The embodiments of the present disclosure are also directed to providing a sequence alignment apparatus, method, and program capable of forming an alignment with less computation without permitting backtracking, unlike existing sequence alignment technology.
According to an aspect of the present disclosure, there is provided a sequence alignment method for aligning a read sequence to a reference sequence, including: searching a reference sequence for a candidate position matched with a fragment, the fragment being a portion of a read sequence; and mapping the read sequence to the reference sequence on the candidate position.
The fragment may be a sequence having a predetermined length from an arbitrary position in the read sequence.
The predetermined length of the fragment may be determined based on a value of an average frequency with which the fragment appears in the reference sequence.
The average frequency may be determined according to a length of the reference sequence and a number of bases.
The searching a reference sequence for a candidate position may include selecting, in the reference sequence, at least one of a position exactly matched with the fragment and a position matched with the fragment within a predetermined error tolerance E.
The searching a reference sequence for a candidate position may include at least one operation of: searching the reference sequence for at least one position exactly matched with the fragment; and performing insertion, deletion, and/or substitution on the fragment within a predetermined error tolerance E, and then searching for at least one position matched with the reference sequence.
The mapping the read sequence to the reference sequence may include mapping a remaining sequence behind the fragment in the read sequence to a sequence behind the candidate position in the reference sequence.
The method may further include determining whether or not the remaining sequence matches with the reference sequence when a portion of the remaining sequence is inserted, deleted and/or substituted with another sequence within the error tolerance E.
The error tolerance E may be an error tolerance set for the reference sequence.
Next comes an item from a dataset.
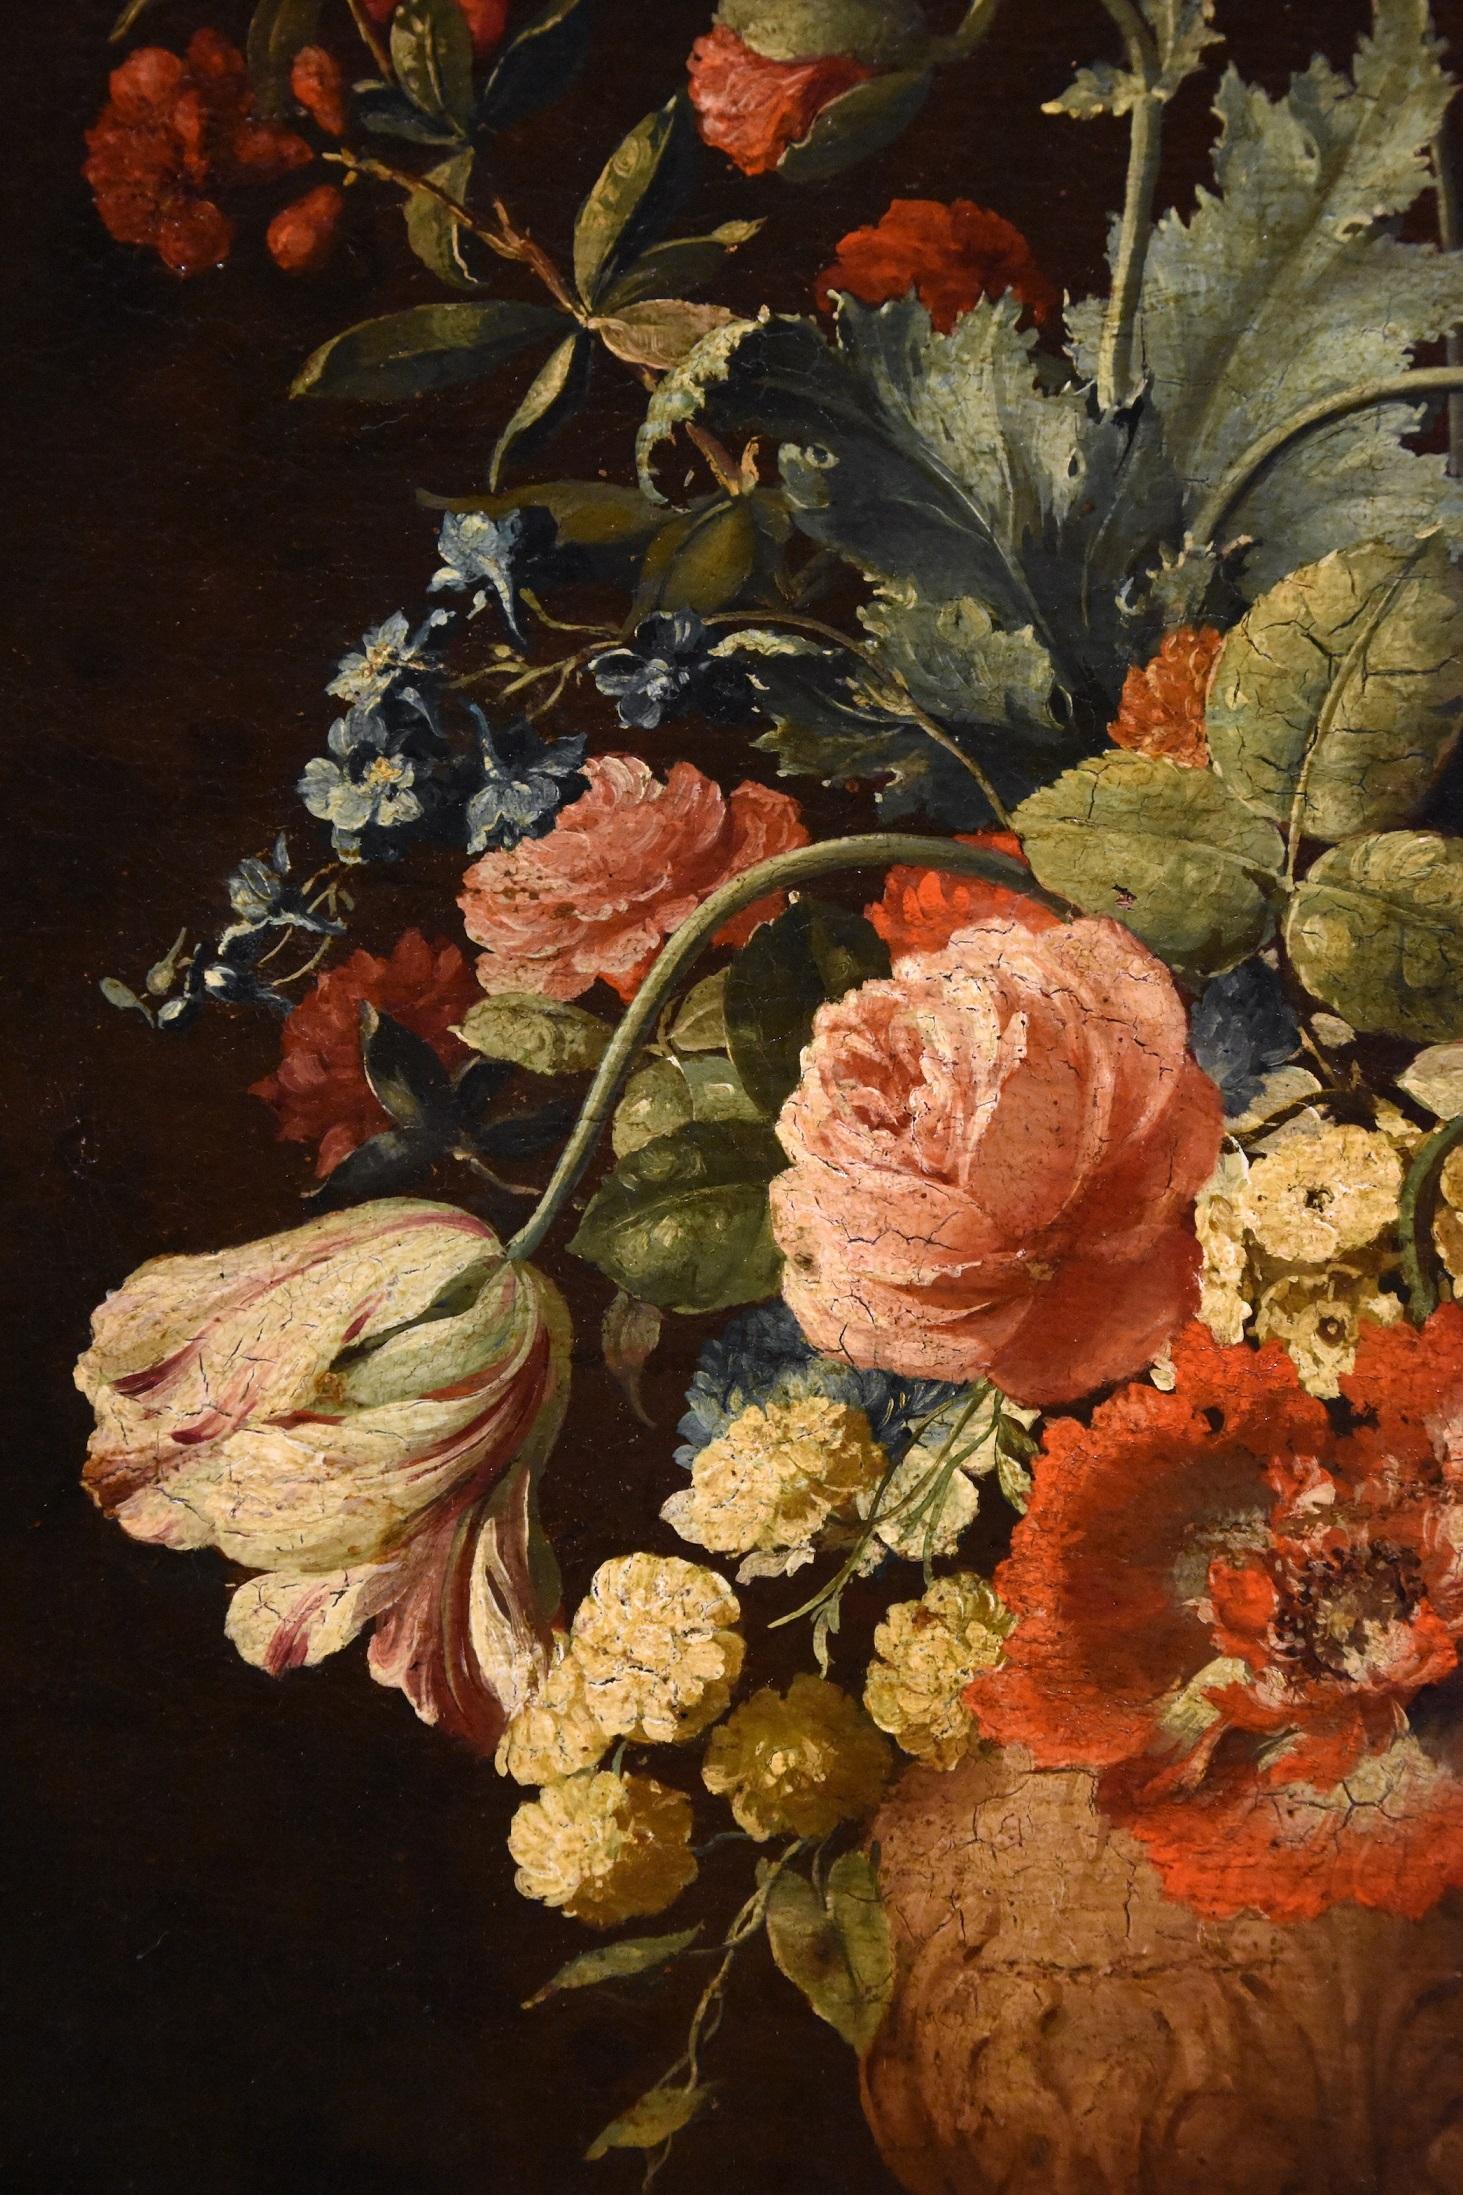 Still Life Flowers Van Huysum Paint Oil on canvas 18th Century Old master 5
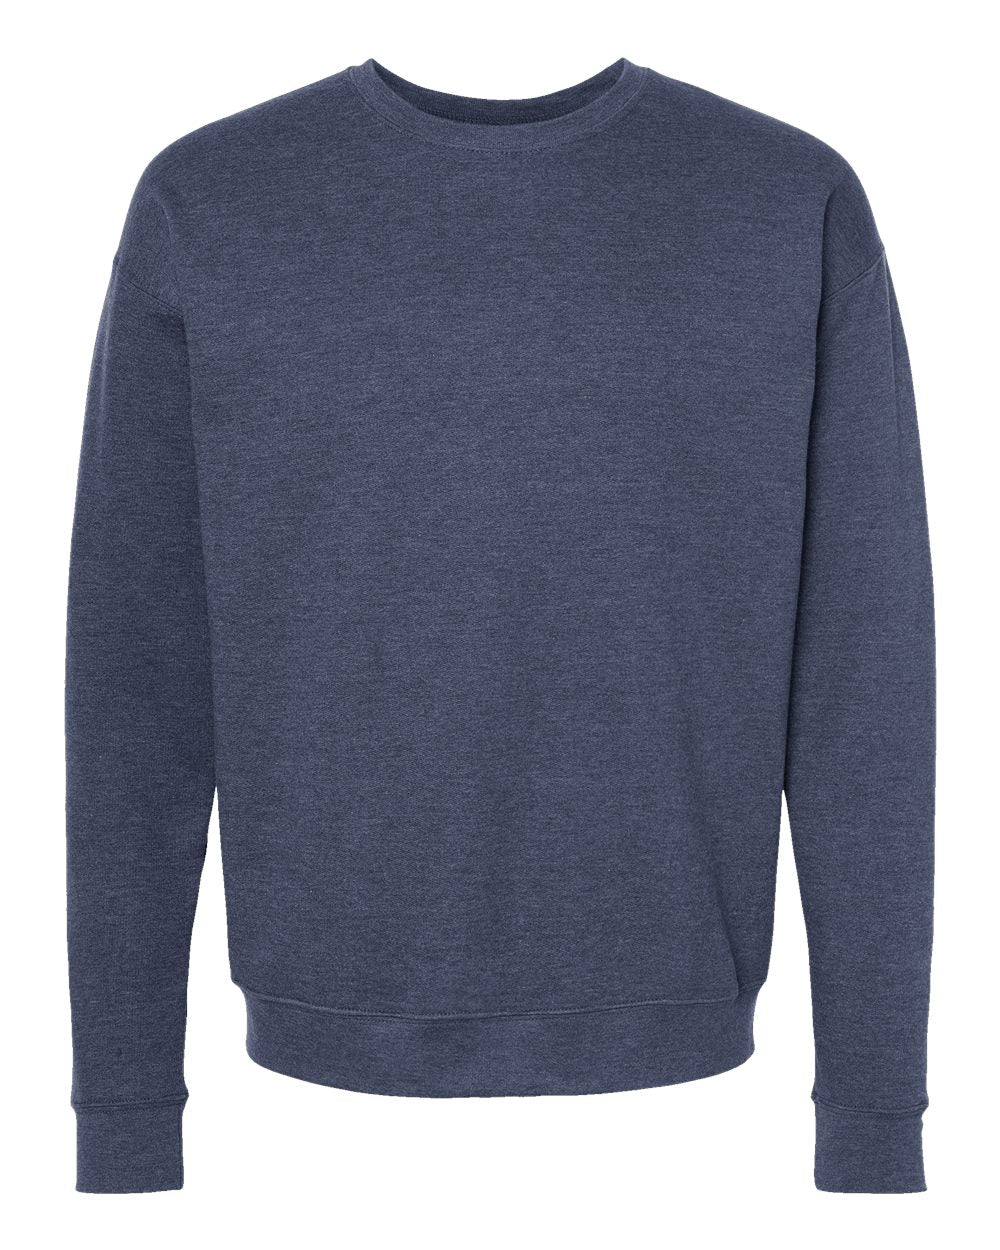 Tultex 340 Fleece Adult Sweatshirt - Heather Denim

When a portion of the reference sequence behind the candidate position does not match with the remaining sequence behind the fragment in the read sequence, the mapping the read sequence to the reference sequence may include moving a starting position of the reference sequence for matching within the error tolerance E and rematching the remaining sequence to the reference position at the moved starting position.
The method may further include: when the fragment matches with the reference sequence, storing the fragment as a mapping fragment; and when there are portions of the remaining sequence behind the fragment matching with the reference sequence behind the candidate position within the error tolerance E, storing the matched portions as mapping fragments.
The method may further include connecting the mapping fragments to each other when the mapping fragments satisfy the following equation:
|Dr(M1,M2)−DR(M1,M2)|<E−E0
where M1 and M2 are mapping fragments to be connected, Dr(M1, M2) is a distance between the mapping fragments M1 and M2 in a read sequence, DR(M1, M2) is a distance between the mapping fragments M1 and M2 in a reference sequence, E is an error tolerance for the read sequence, E0 is a sum of error values included in the mapping fragments, and |Dr(M1, M2)−DR(M1, M2)| is an absolute value of a difference between Dr(M1, M2) and DR(M1, M2).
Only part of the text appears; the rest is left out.